Designing IT for Data Manufacture
photo by Jason Mrachina
As a (recovering) Mechanical Engineer, one of the things I’ve studied in the past is Design for Assembly (DFA). In a nutshell, the basic concepts of DFA are to reduce assembly time and cost by using fewer parts and process steps, making the parts and process steps you do use standard, automating, making it easy to grasp/insert/connect parts, removing time wasting process steps like having to orient the parts and so on.
In a meeting with a customer a couple of days ago, it struck me that out IT departments and increasingly our database and storage professionals have become very much like a database factory. What also become clear is that the processes that exist are cumbersome, expensive, and often burdened with low quality outputs.

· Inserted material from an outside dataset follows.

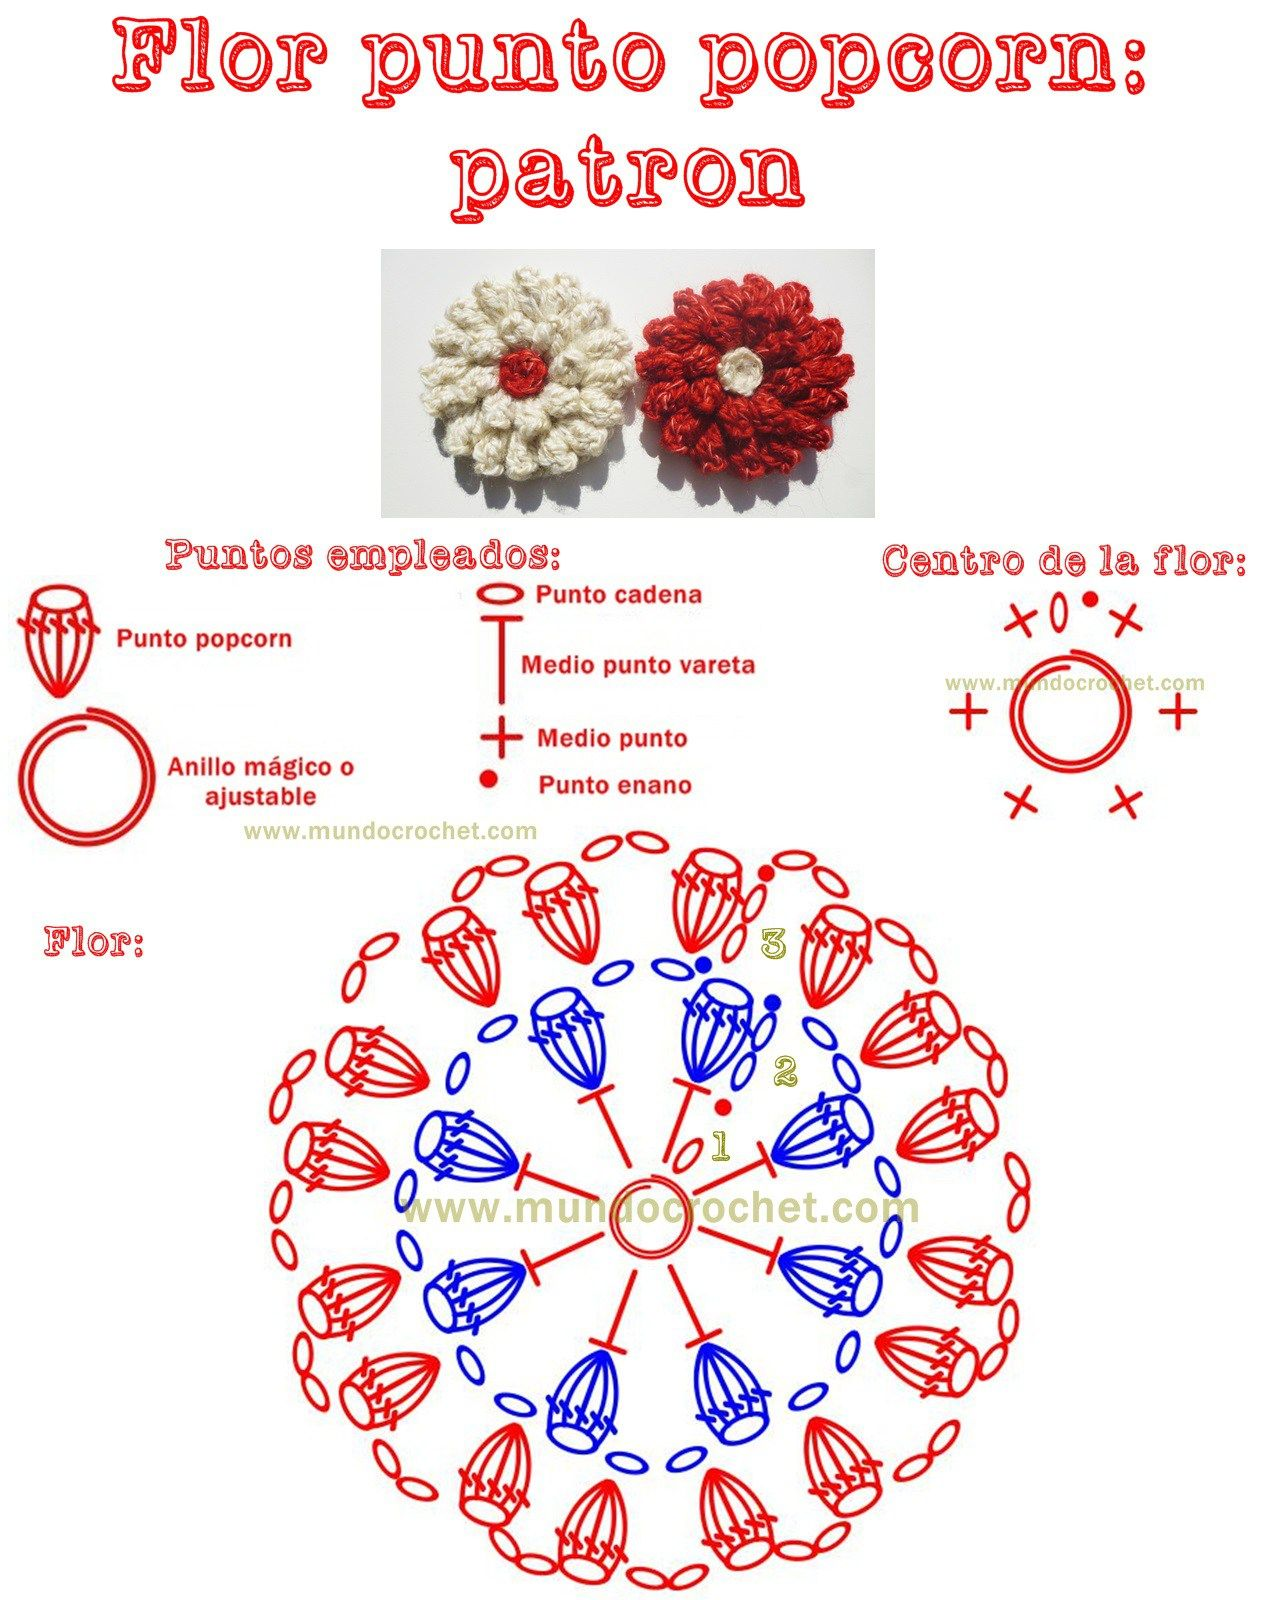 Patron flor en punto popcorn a crochet o ganchillo | ➽ Bunga Rajut ...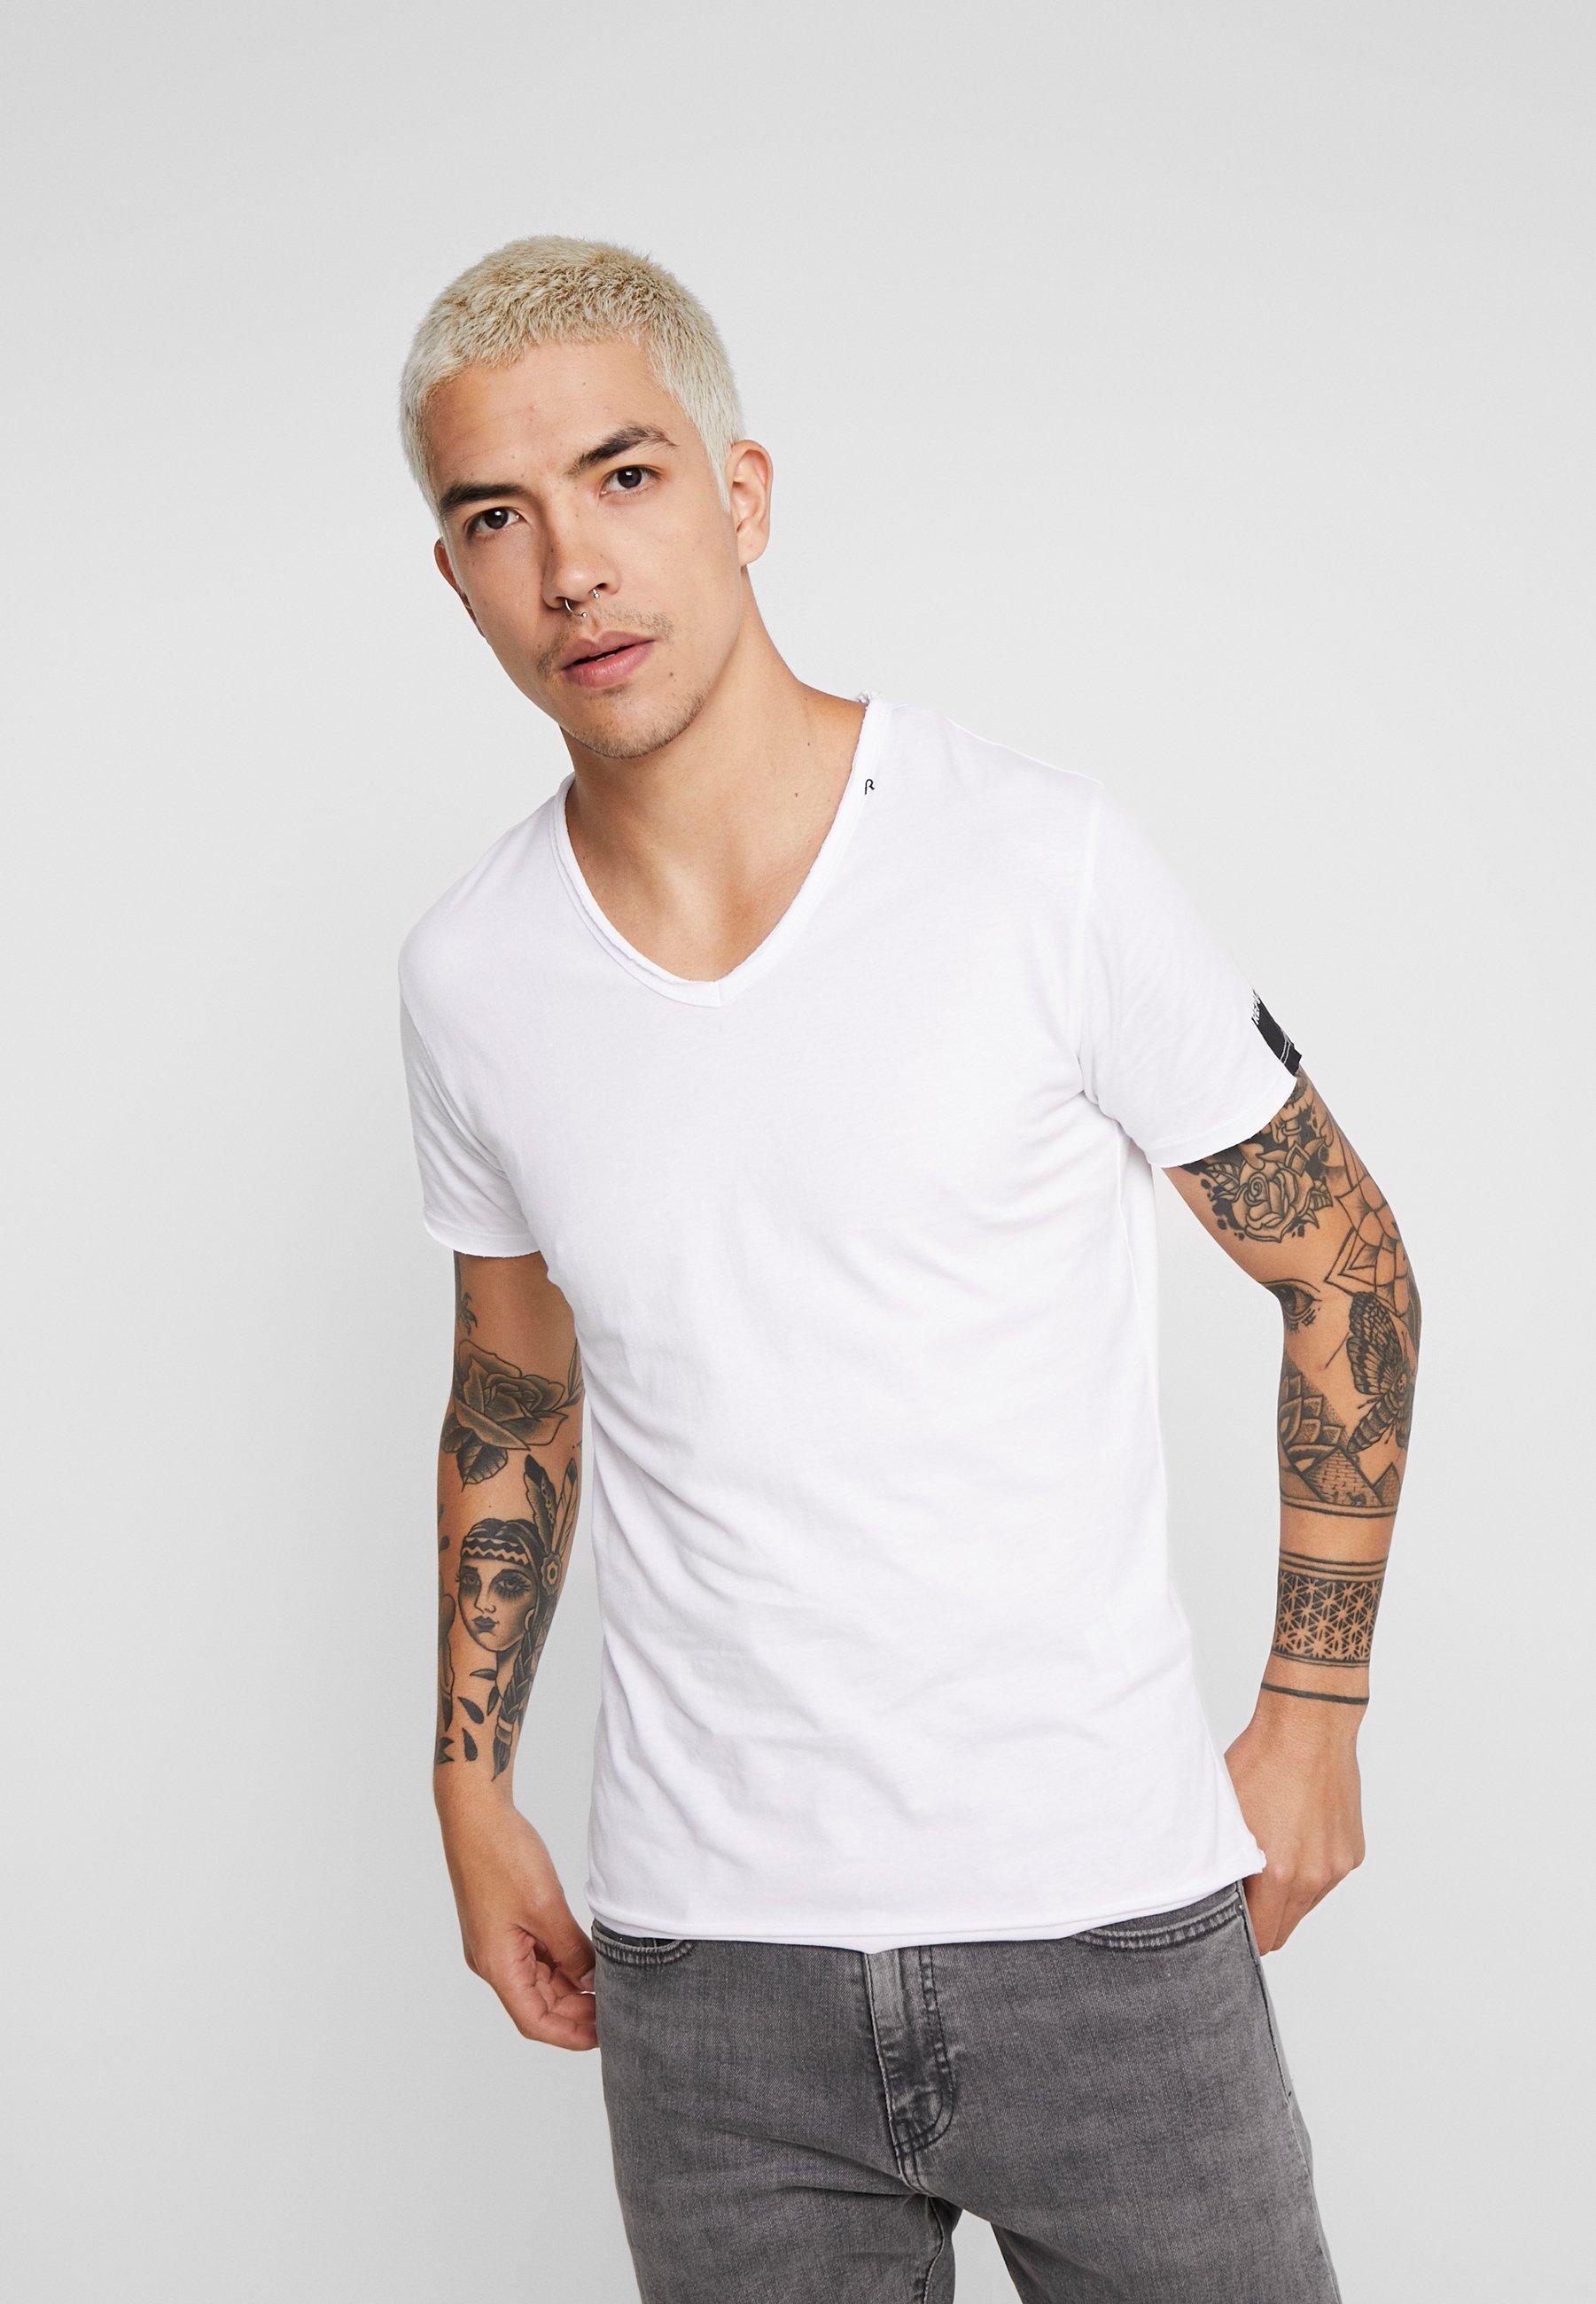 T shirt shirt T BasiqueWhite Replay BasiqueWhite Replay Replay vmNn80wO

If you think about the standard cycle to get a clone of a dataset provisioned in an organization, it can be long and expensive. There’s the process flow itself, which, although often automated, is also chock full of stop points, queues, wait times, and approvals. (At one major customer of mine on Wall St., a single request required 34 approvals.) Then, there are many decision points. For a simple clone, you might have to involve the project lead, the DBA, the storage team, the backup gut, the System Administrator, and in some cases even management just to get a simple clone made. And, each of these people has a queue, and has to decide how important your request is and if they have enough space and if there’s enough time, etc. etc. Then, even when it’s approved, maybe the Oracle RAC has a different methodology than the SQL Server, maybe we store our datasets locally whereas our sister application has to go get a backup from tape to use as a restore. All of this creates a process flow with lots of steps, moving parts, complexity, localizations and customizations, and potential for error and rework.
Principles of an efficient Data Factory
Considering IT as a data factory, we could apply the DFA principles to data and enumerate them as:
• Reduce the number of people, steps, and parts to get data clones provisioned.
• Simplify and standardize the steps that must remain
• Automated provision wherever possible
• Use standard Data Management Processes across data clones of all flavors.
• Simplify the process to connect data clones to the hosts and applications that need it.
• Encapsulate or eliminate the need for special knowledge to get a data clone to operate; Make it Dead Simple.
Delphix is the Data Factory
One great capability of the Delphix Engine is that it fulfills the tenets of an efficient Data Factory.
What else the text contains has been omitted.